Постоянное вранье в образовании способствует росту преступности, что и было продемонстрировано гибелью министра. Которую сейчас вновь обдумывала Ленка с блестящими глазами. Обычно такой вид у нее бывает, когда она вспоминает токсические свойства метгемоглобинобразующих ядов.
– Я уже поняла, что без экспериментов нам не обойтись. Твоя мысль была верной, – заявила она с подозрительной улыбкой. – А сейчас я поняла, что именно нам нужно проверить. Первое: сколько было Переносчиков. Так мы установим количество заговорщиков, а с учетом того, что мы по физическим габаритам тоже среднестатистические, эксперимент даст хотя бы количество участников.
– Как мы проверим число Переносчиков?
– Министр был совершенно обыкновенной комплекции. Около семидесяти-восьмидесяти килограммов. Нужно проверить, сколько человек могут поднять подобный вес.
– Кто должен участвовать? И что такое весом под восемьдесят кило мы найдем и поднимем? – спросила я. – Мне не хочется думать, что придется носить штангу.
– Мы и будем участвовать. Мы вполне среднестатистические. А вот с объектом переноски дело будет сложнее. Пока что мне в голову приходит одна ерунда…
– Это обязательно должен быть человек? Нельзя ли взять станок в мастерской у трудовика?
– Я как раз об этом. Можно поднять какой-нибудь станок. Еще нужно будет надеть каблуки, – добавила Ленка, – и наденешь ты, потому что нам надо уравнять рост.

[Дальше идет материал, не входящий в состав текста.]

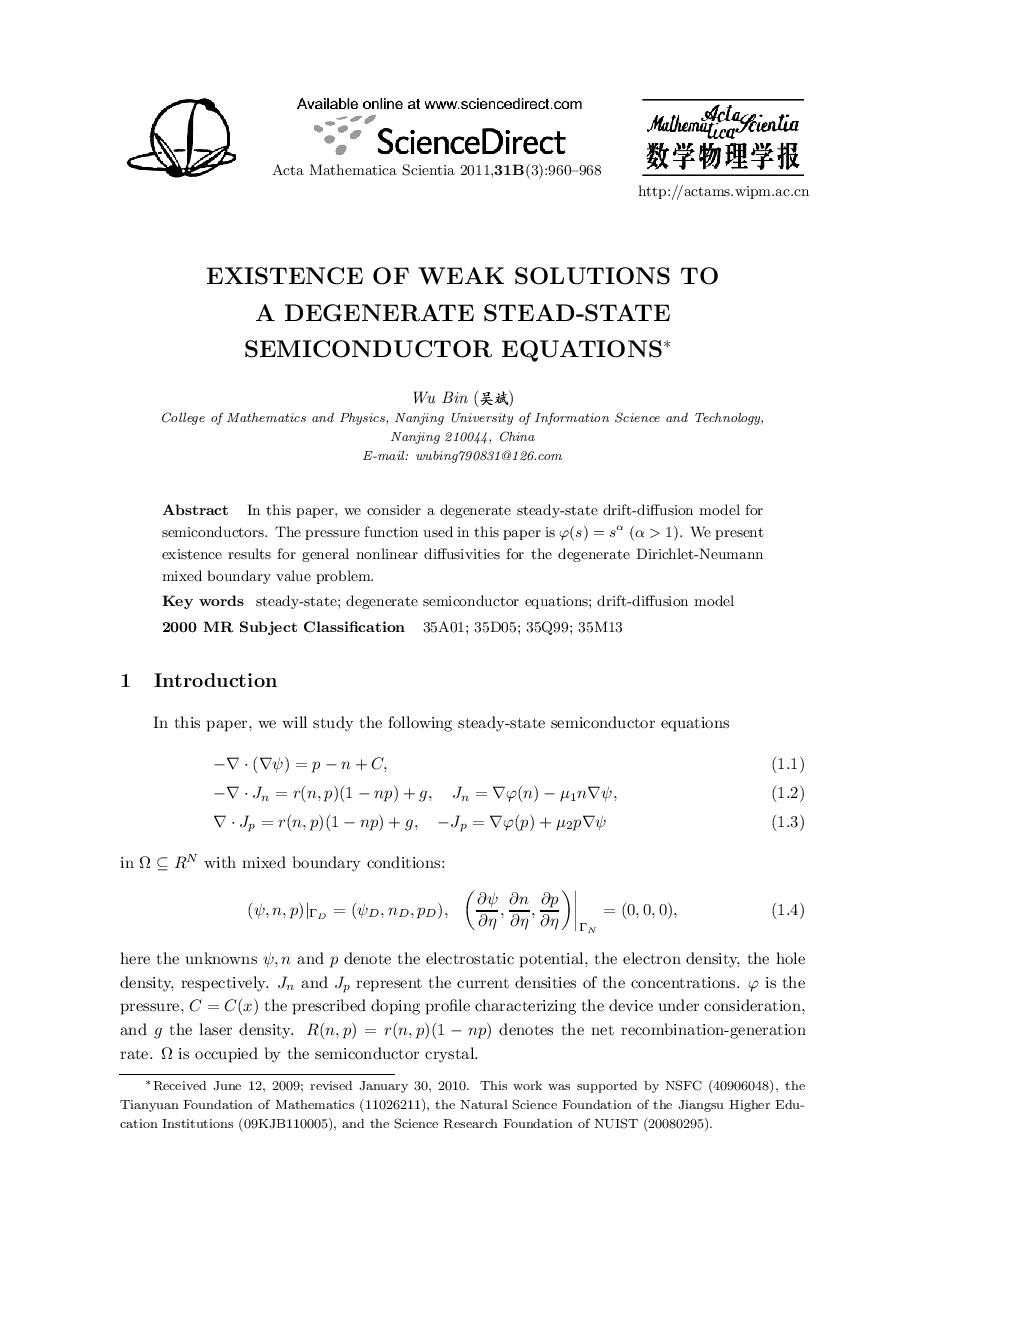 Existence of weak solutions to a degenerate stead-state semiconductor equations 
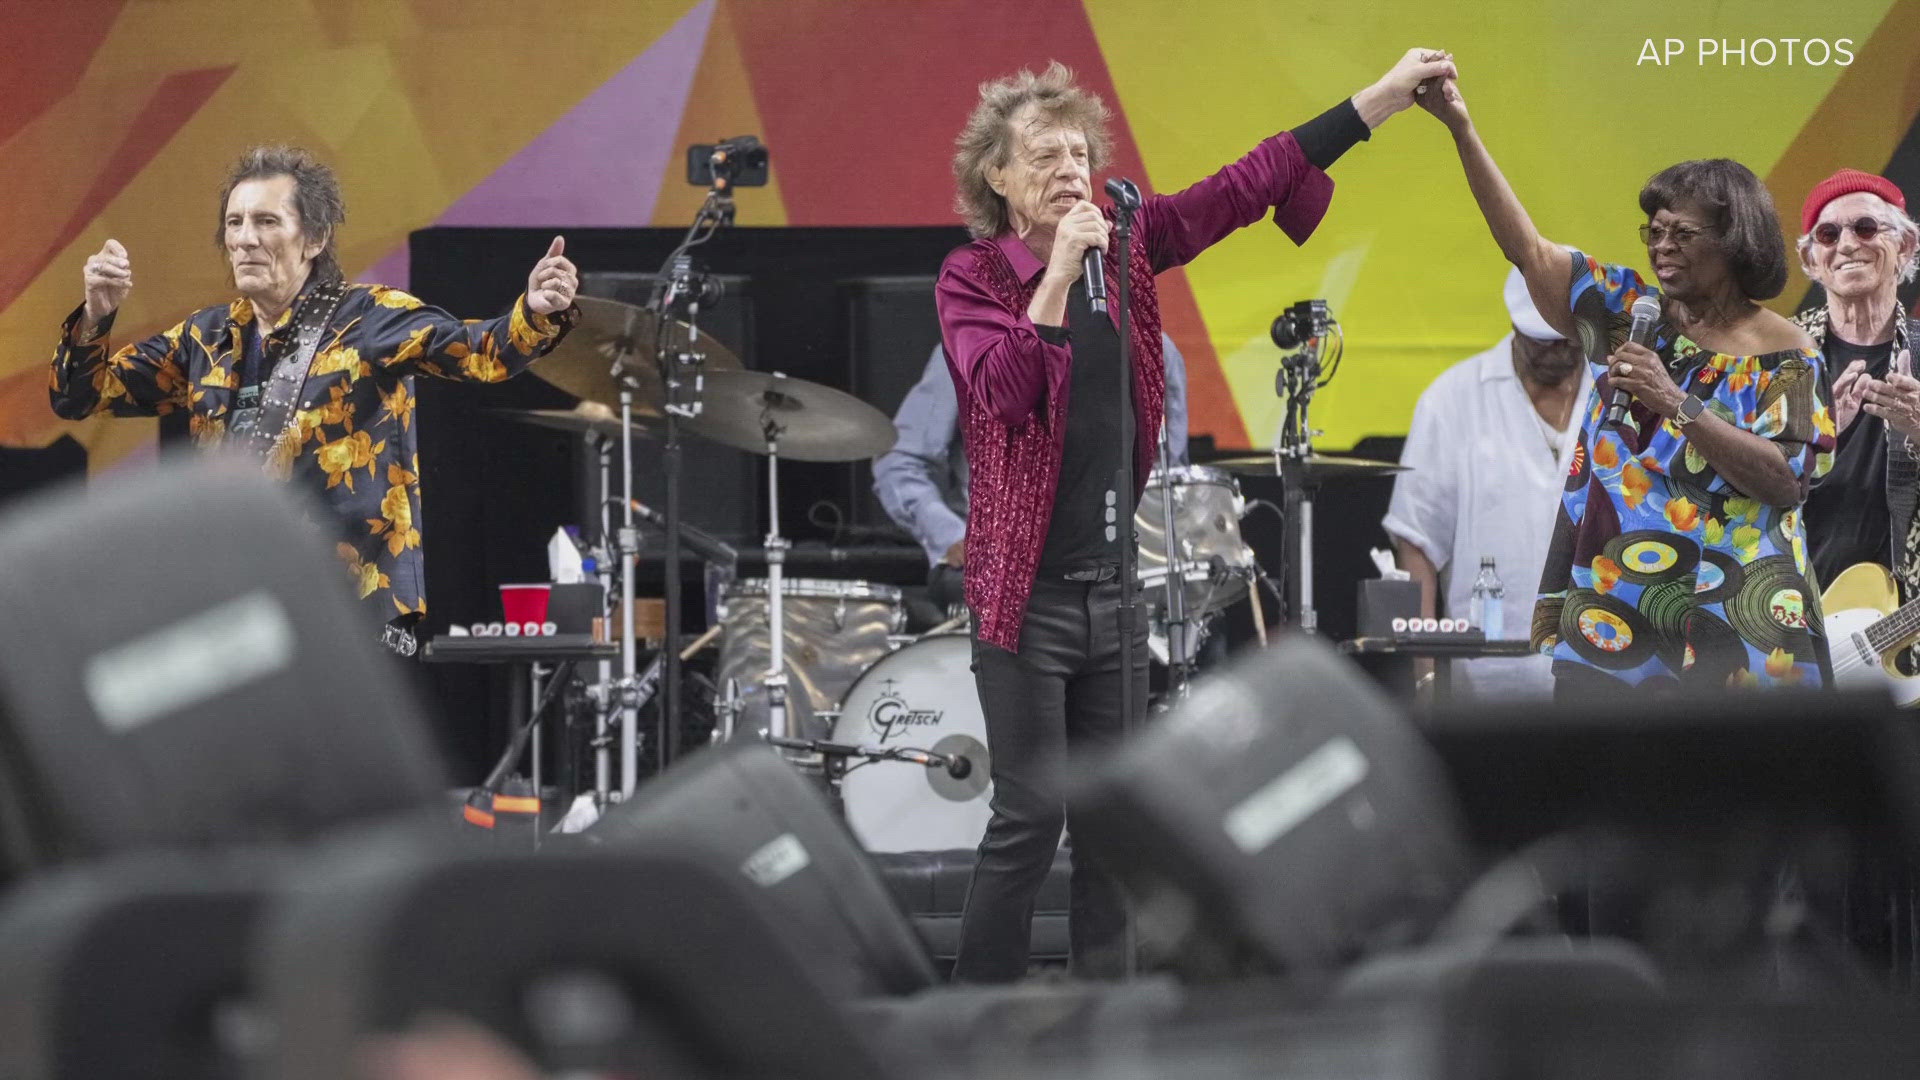 Irma Thomas, New Orleans' soul queen, performed 'Time is On My Side,' with Mick Jagger and the Rolling Stones Thursday at the Jazz Fest.

– Где я достану туфли на каблуках?
Несмотря на невысокий рост, я никогда не надевала этой изуверской обуви. Ходящие на цыпочках люди не кажутся мне красивыми и солидными, хотя общество уверено в обратном. Тем более в условиях нашей школы, где есть риск быть сбитой с ног и вытолкнутой с лестницы, нужно твердо держаться на земле и желательно всеми конечностями одновременно. Дресс-код у нас обусловлен требованиями безопасности. Я бы дополнила его резиновой дубинкой для учителей…
– Туфли есть в шкафу. Вика ушла в отпуск и оставила сменку. У вас с ней должен быть похожий размер.
– Я не привыкла носить каблуки, поэтому опыт будет неубедительный. Я свалюсь на первом же метре, – попыталась возразить я, – и вообще, по такому случаю Цокотуха могла снять туфли, чтобы не навернуться с непривычки.
Ленка помрачнела, а я воспряла духом.
– Ладно…это мы учтем. Но вычислить количество переносчиков мы можем и без туфель! – заключила подруга. – Идем позориться!
Мы отправились в мрачные мастерские, располагающиеся в отдельной пристройке к первому этажу.
– Говорить с ним будешь ты, – предупредила я. Подруга не отреагировала.
Иван Андреевич нашелся за столом учителя, который был плохо виден из-за станков. Трудовик заполнял отчет, низко склонившись над ним. Опять где-то забыл футляр с очками.